I just came across this article on Vice Motherboard, and it blew me away. The article was reporting on a paper published in Nature magazine on July 3, 2019, about unsupervised word embeddings capturing latent knowledge from materials science literature. Researchers from Lawrence Berkeley National Laboratory have built an AI trained on old scientific papers in materials science and made discoveries that humans missed.

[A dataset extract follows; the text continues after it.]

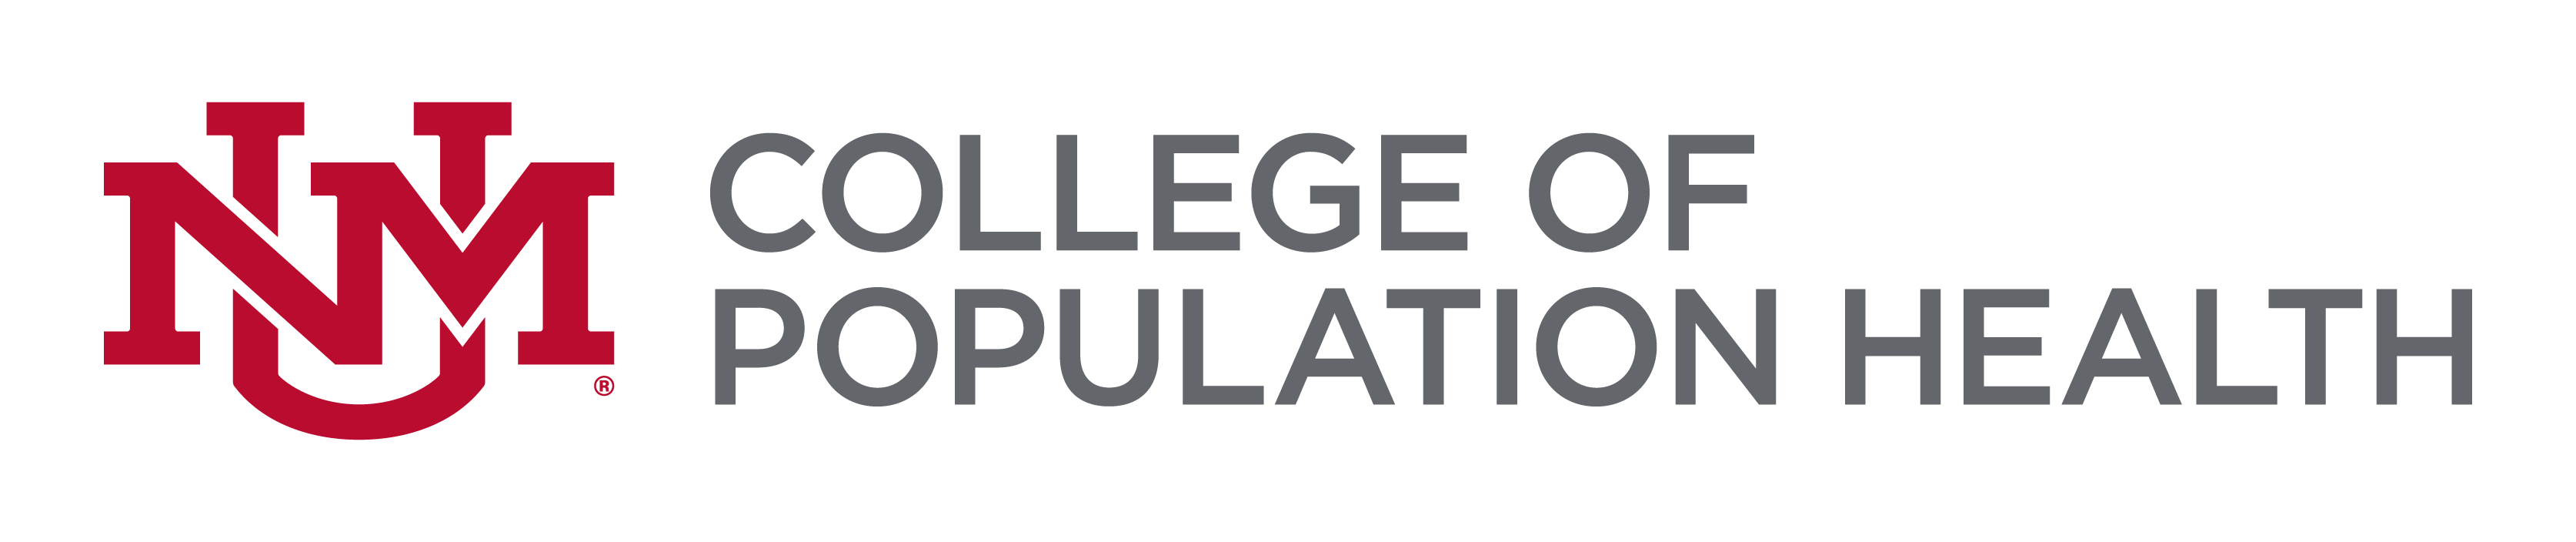 הלוגו של מכללת UNM לבריאות האוכלוסין

 Using a natural language processing (NLP) algorithm called Word2vec, the AI combed through 3.3 million abstracts on materials science and analyzed relationships between a vocabulary of about 500,000 words. From the article:

Using just the words found in scientific abstracts, the algorithm was able to understand concepts such as the periodic table and the chemical structure of molecules. The algorithm linked words that were found close together, creating vectors of related words that helped define concepts. In some cases, words were linked to thermoelectric concepts but had never been written about as thermoelectric in any abstract they surveyed.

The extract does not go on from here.